Closed ping-ke closed 4 months ago
the peer will remove or recover after some time
Why is the peer removed or recovered after some time? Could you please provide more explanation?
I am still a little concerned because we haven’t identified the root cause of addresses disappearing in the peer store. If we change this error to the debug level, we will essentially lose visibility of the issue.
Change the log level to debug for the error caused by newStream, this should be a temporary issue between the local node and the remote peer, I have seen this issue twice (one reported by a customer and one by me - the network condition at that time was very bad.)

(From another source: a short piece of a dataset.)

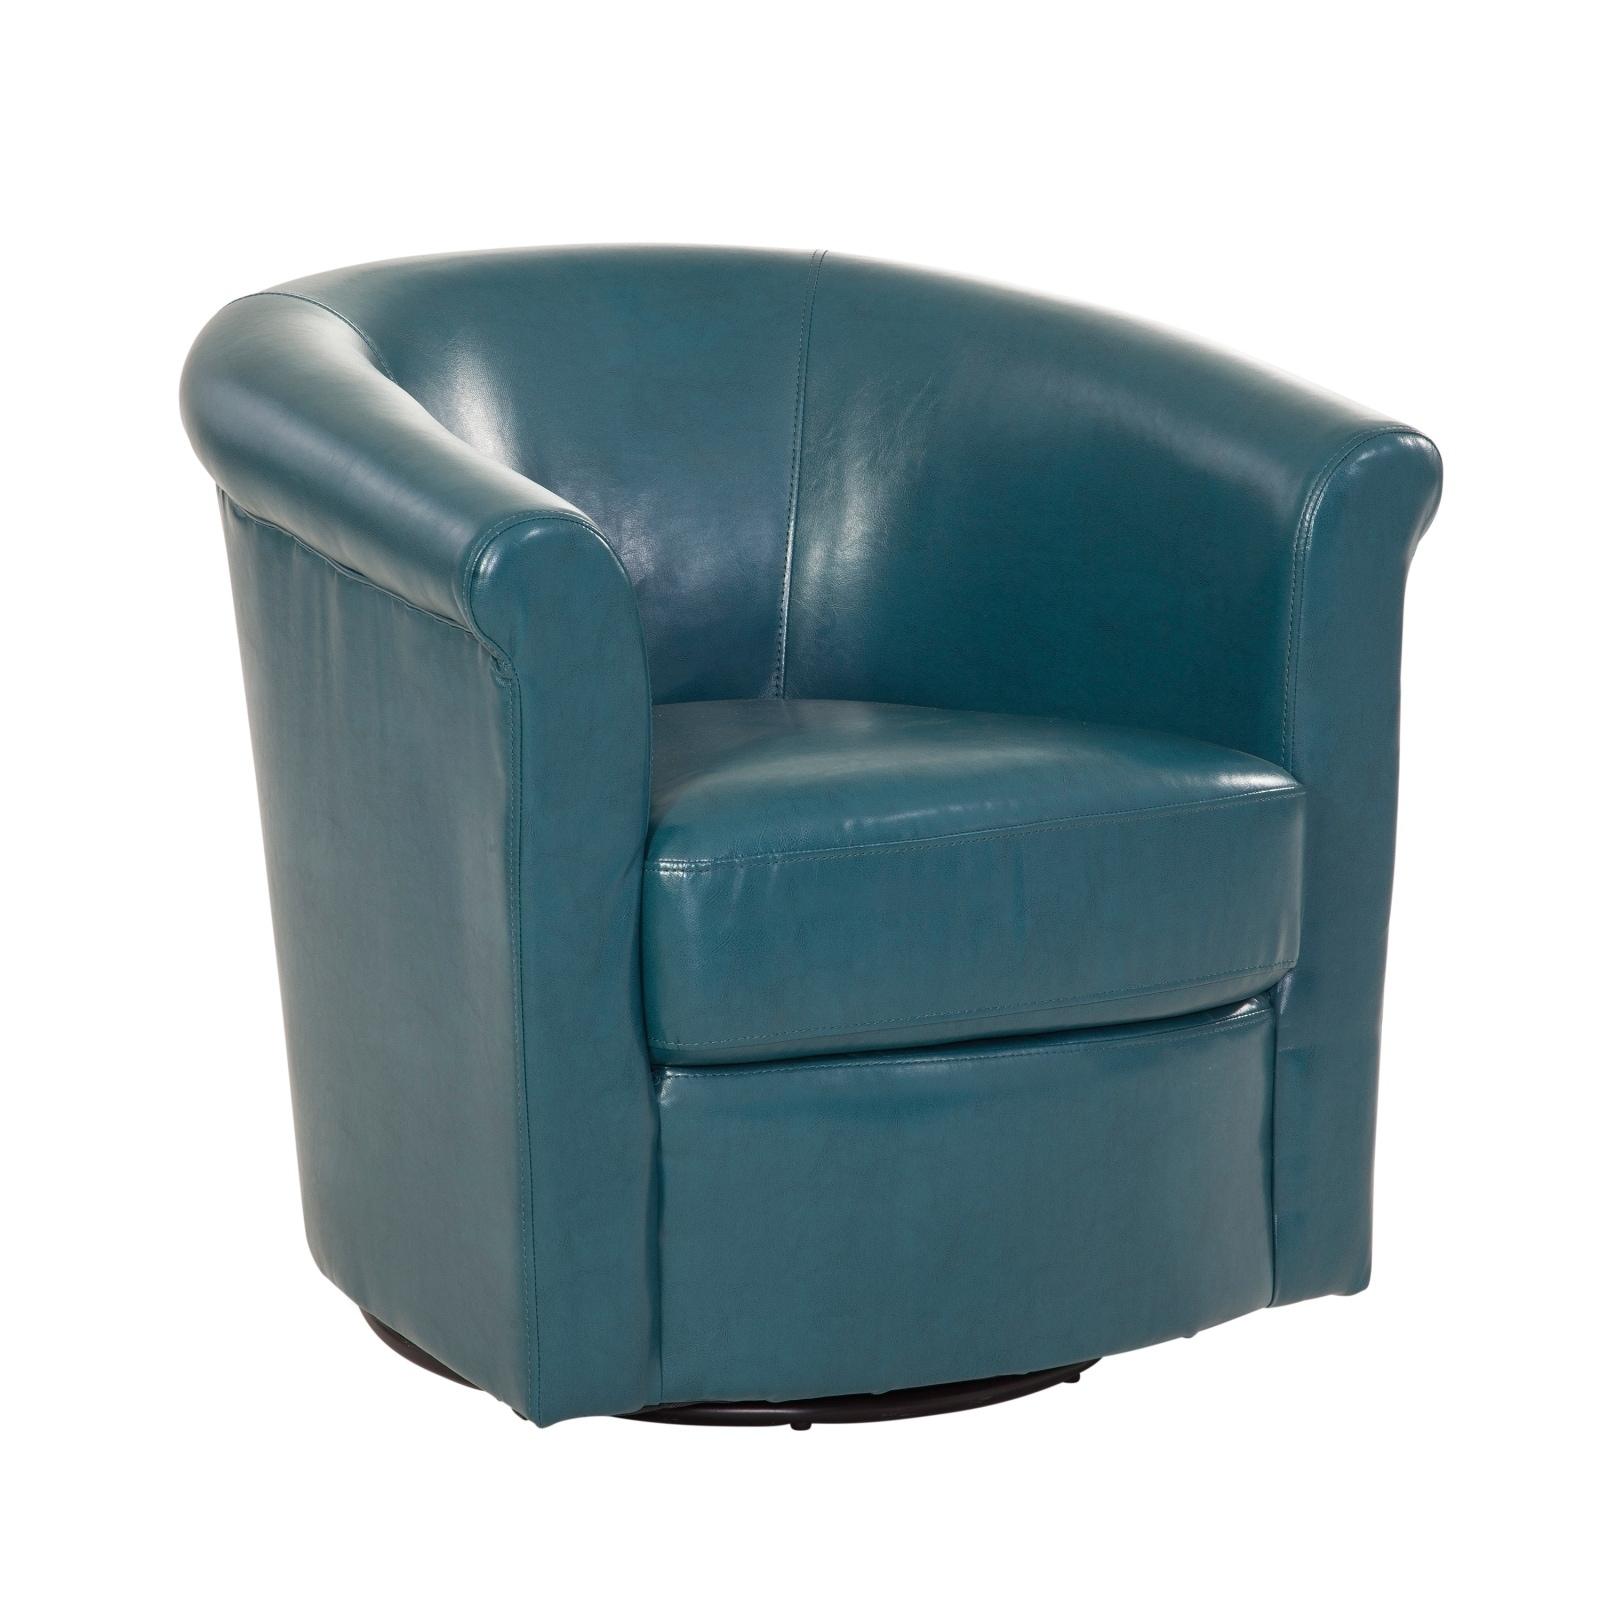 Marvel Swivel Tub Chair | eBay

This issue will be resolved some times later when
- When the peer is removed
- Addr is added back to Peerstore in the discovery.go
According to the discussion in today’s meeting, I think we may need to set up a test environment to determine if the root cause is an outdated TTL.
Added log to removeExpired in addr_book.go, and will see it clear the addresses after expired. and connect to this peer will throw "no addresses" issue.

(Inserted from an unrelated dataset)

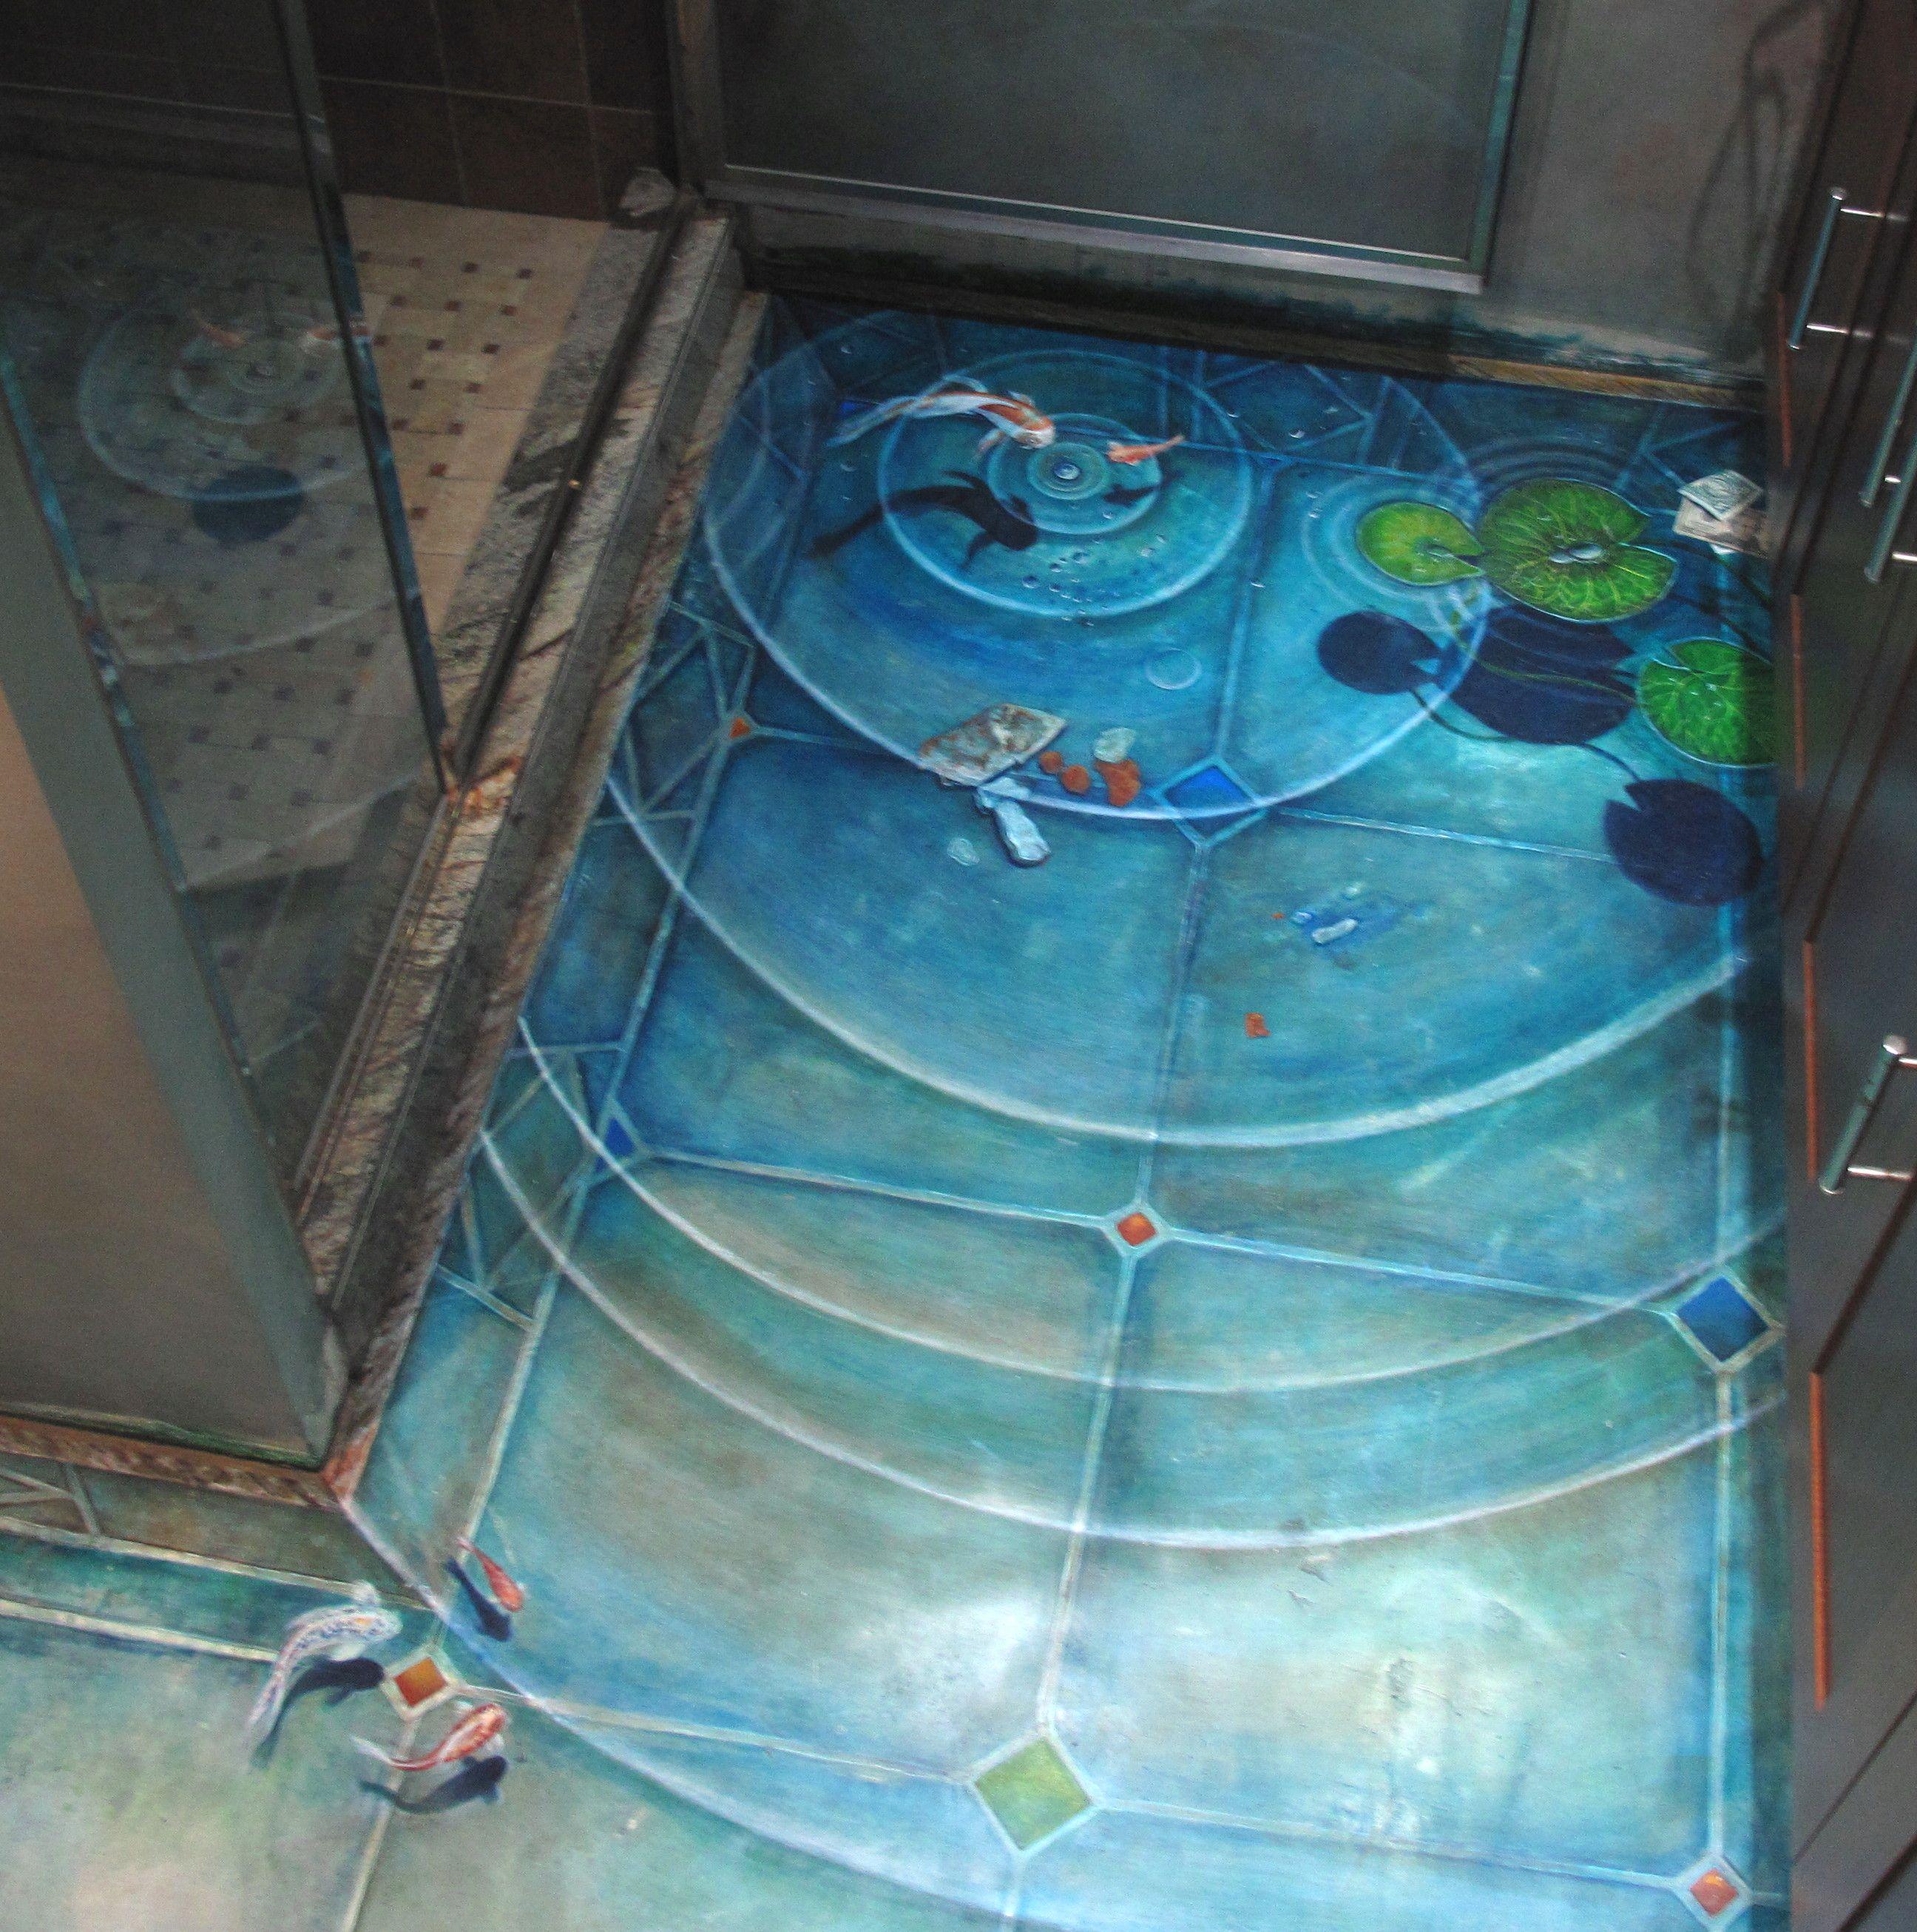 Concrete bathroom floor koi pond casa pinterest for Bathtub fish pond

Added log to removeExpired in addr_book.go, and will see it clear the addresses after expired. and connect to this peer will throw "no addresses" issue.
Then should we also need to remove the peer in syncClient when the peerstore removes the addr?
Need to update the PR title & resolve the conflicts
issue 262: https://github.com/ethstorage/es-node/issues/262
Root Cause When creating a newStream to send a request to a peer, if the connection does not exist, it will call the peer again. But if the address of that peer does not exist, this issue will be thrown. The peer address does not exist because of time-to-live timeout, which is 24 hours correctly. time-to-live timeout means the peer not be added back to peerstore by discovery.
pstore.AddAddrs(info.ID, info.Addrs, discoveredAddrTTL) // discoveredAddrTTL = time.Hour * 24
How to fix it Change the log level to debug for the error caused by newStream "no addresses" and close the peer.